Autism spectrum disorder (ASD) is four times more prevalent in males than in females. In recent years, maternal infections and inflammation, referred to as maternal immune activation (MIA), have been linked to an increased risk of ASD.
A recent mouse model study suggests that MIA selectively causes changes in the fetal brain stress responses in male but not female offspring (Kalish and Kim et al., Nat. Neurosci., 2021), potentially explaining the male bias in ASD at least in part. The work was supported in part by a SFARI Research Award to SFARI Investigator Jun Huh, who examines molecular pathways involved in MIA and potential ways to ameliorate MIA-induced phenotypes in mouse model systems.
In their study, to understand the effects of MIA on offspring, the researchers examined changes in RNA levels and in protein production in both male and female fetal mouse brains using high-resolution single-cell analyses. While both male and female offspring showed a variety of RNA changes in various brain cell types as a result of MIA, there were noticeable sex differences. In particular, male offspring showed a much more dramatic reduction in the expression of protein synthesis machinery and in new protein production than female offspring. Further, a detailed examination of the specific proteins affected by this process in males versus females suggests that the particular changes in females lead to an adaptive response that may increase resiliency to MIA.

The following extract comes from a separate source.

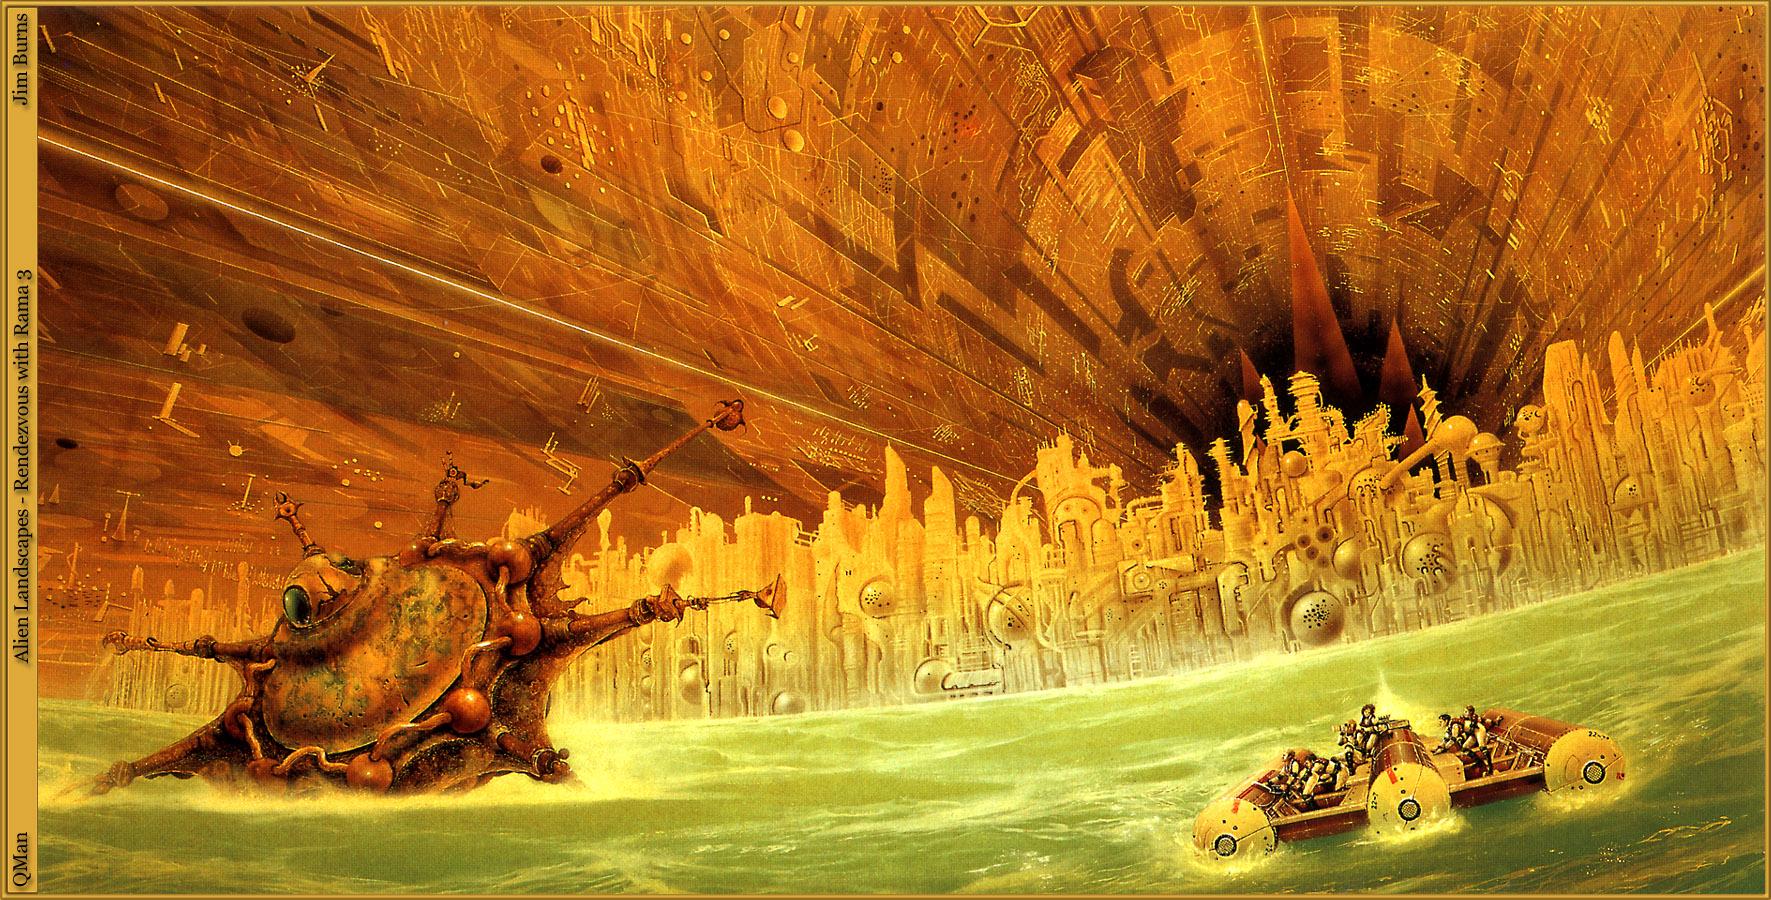 Иллюстрация из книги Свидание с Рамой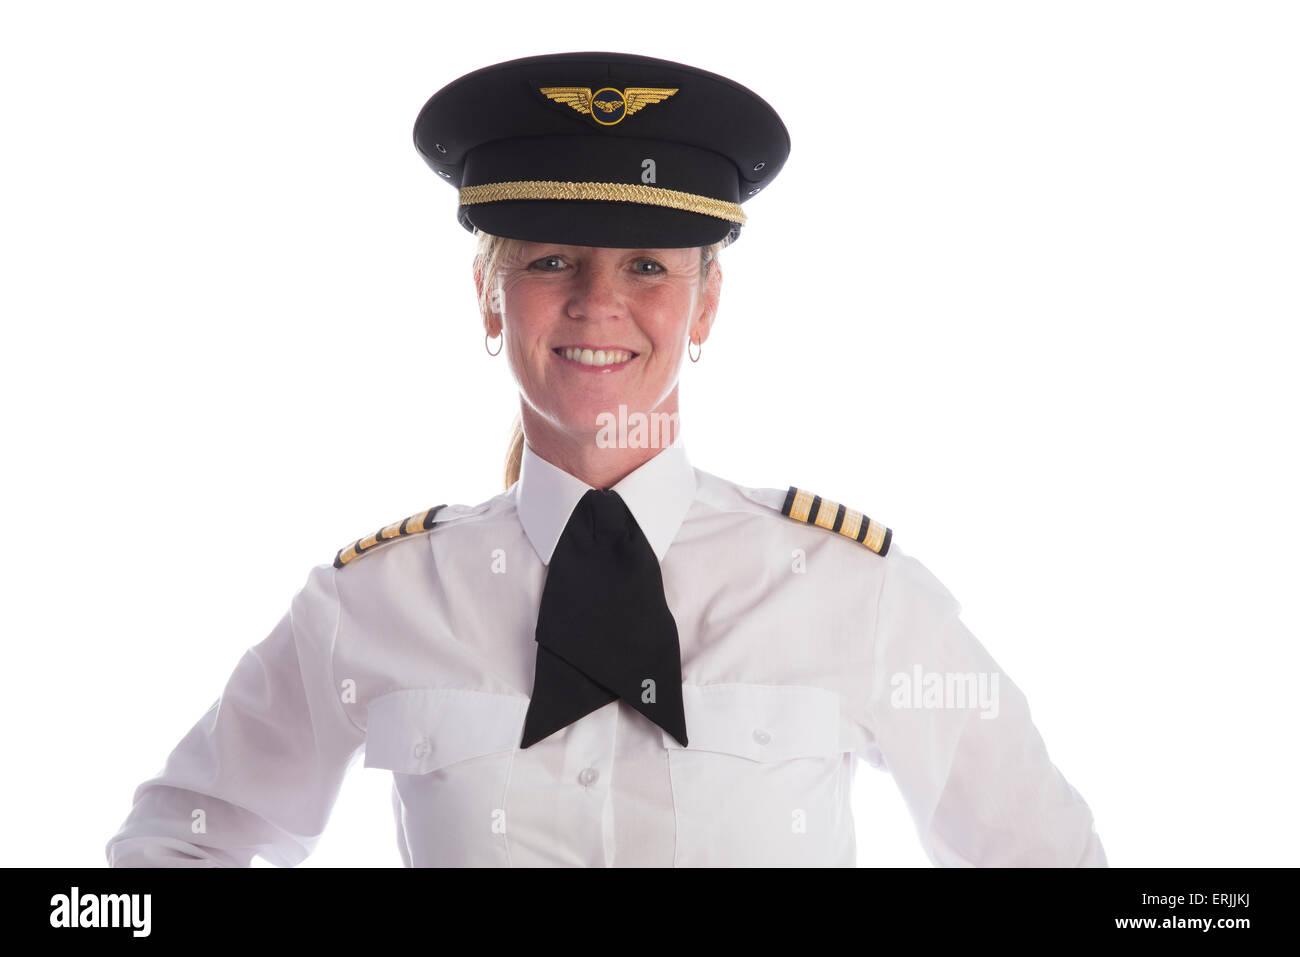 Femmina pilota senior in uniforme e che indossa il suo cappello e un cravat  Immagini Stock 6e8d40fae168

The researchers further found that in male fetuses, these molecular changes were caused by activation of a global adaptive stress response driven by the maternal inflammatory molecule IL-17a. Interestingly, prior studies have demonstrated a role for filamentous gut bacteria in MIA-induced IL-17a activation (Kim et al., Nature, 2017) (Lammert et al., J. Immunol., 2018), supporting potential links between ASD and the maternal microbiome.
As the researchers found that blockading this stress response in male offspring mitigates ASD-related behavioral changes in these animals, the results support a view that that sex-specific differences in fetal stress responses may play a role in the increased ASD risk caused by maternal immune responses.
Maternal immune activation in mice disrupts proteostasis in the fetal brain.
Kalish B.T., Kim E., Finander B., Duffy E.E., Kim H., Gilman C.K., Yim Y.S., Tong L., Kaufman R.J., Griffith E.C., Choi G. B., Greenberg M., Huh J.